Surgical interventions for medically refractory epilepsy are effective in selected patients, but they are underutilized. There remains a lack of pooled data on complication rates and their changes over a period of multiple decades. The authors performed a systematic review and meta-analysis of reported complications from intracranial epilepsy surgery from 1980 to 2012.

Methods

A literature search was performed to find articles published between 1980 and 2012 that contained at least 2 patients. Patients were divided into 3 groups depending on the procedure they underwent: A) temporal lobectomy with or without amygdalohippocampectomy, B) extratemporal lobar or multilobar resections, or C) invasive electrode placement. Articles were divided into 2 time periods, 1980–1995 and 1996–2012.

Results

Sixty-one articles with a total of 5623 patients met the study's eligibility criteria.
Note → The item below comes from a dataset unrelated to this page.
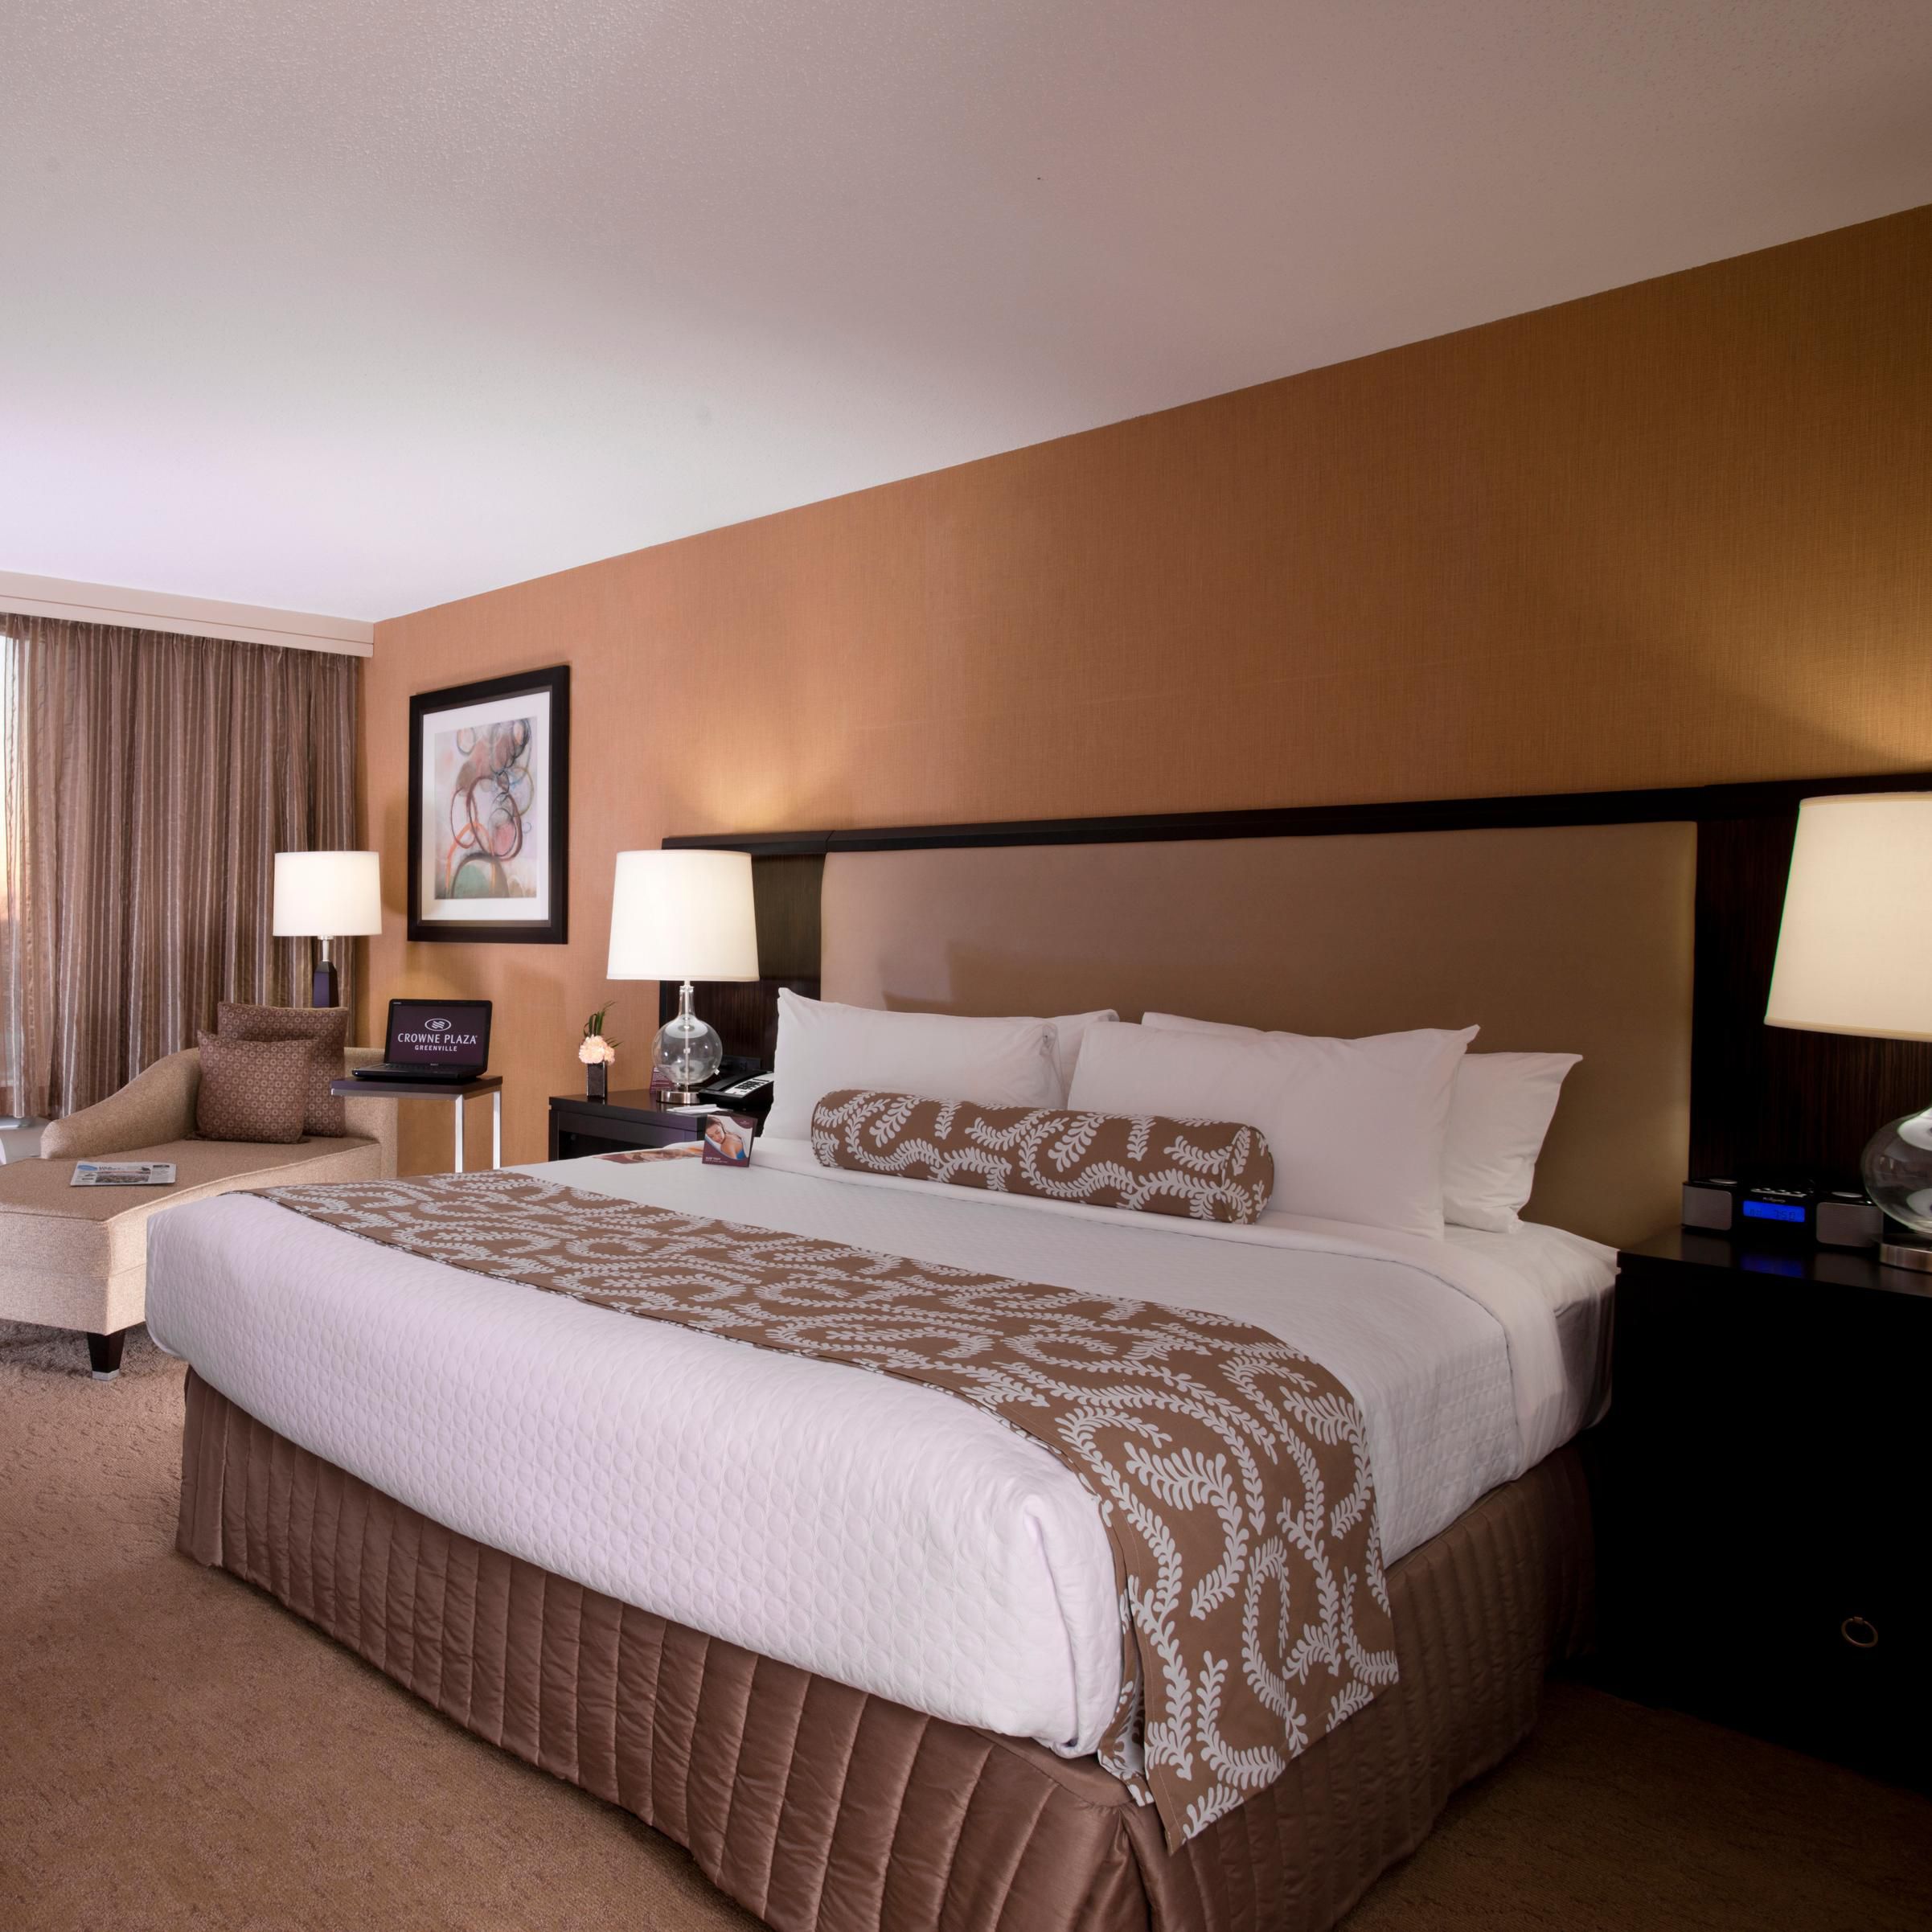 Enjoy a King bed after a concert at Bon Secours Area!
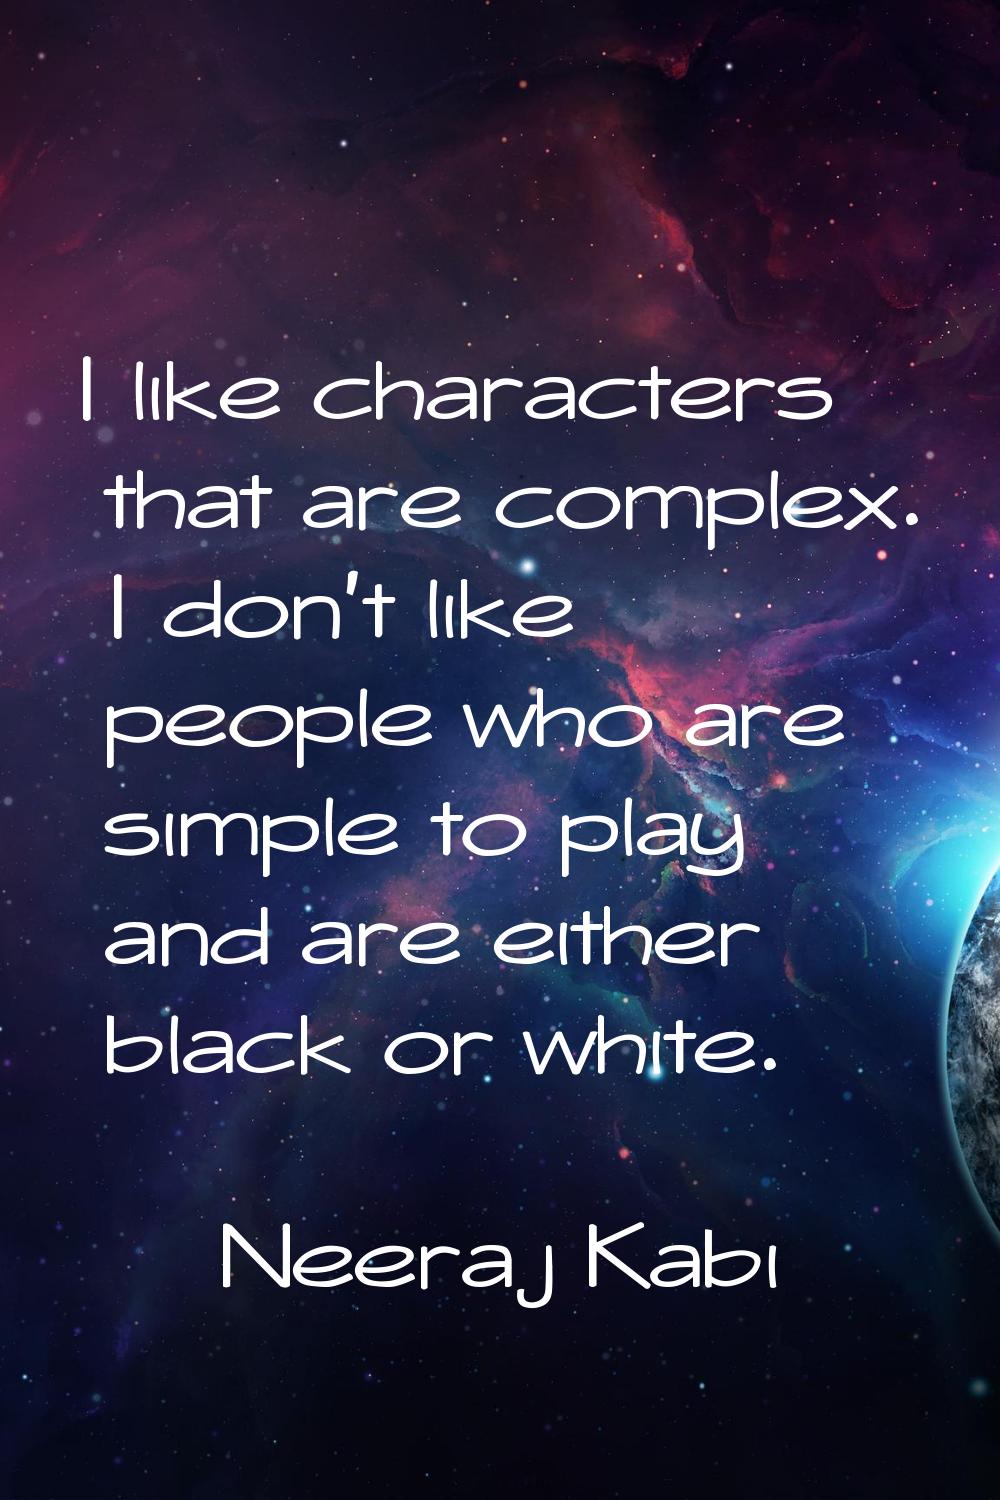 I like characters that are complex. I don't like people who are simple to play and are either black

Based on the 2 time periods, neurological deficits decreased dramatically from 41.8% to 5.2% in Group A and from 30.2% to 19.5% in Group B. Persistent neurological deficits in these 2 groups decreased from 9.7% to 0.8% and from 9.0% to 3.2%, respectively. Wound infections/meningitis decreased from 2.5% to 1.1% in Group A and from 5.3% to 1.9% in Group B. Persistent neurological deficits were uncommon in Group C, although wound infections/meningitis and hemorrhage/hematoma increased over time from 2.3% to 4.3% and from 1.9% to 4.2%, respectively. These complication rates are additive in patients undergoing implantation followed by resection.

Conclusions

Complication rates have decreased dramatically over the last 30 years, particularly for temporal lobectomy, but they remain an unavoidable consequence of epilepsy surgery. Permanent neurological deficits are rare following epilepsy surgery compared with the long-term risks of intractable epilepsy.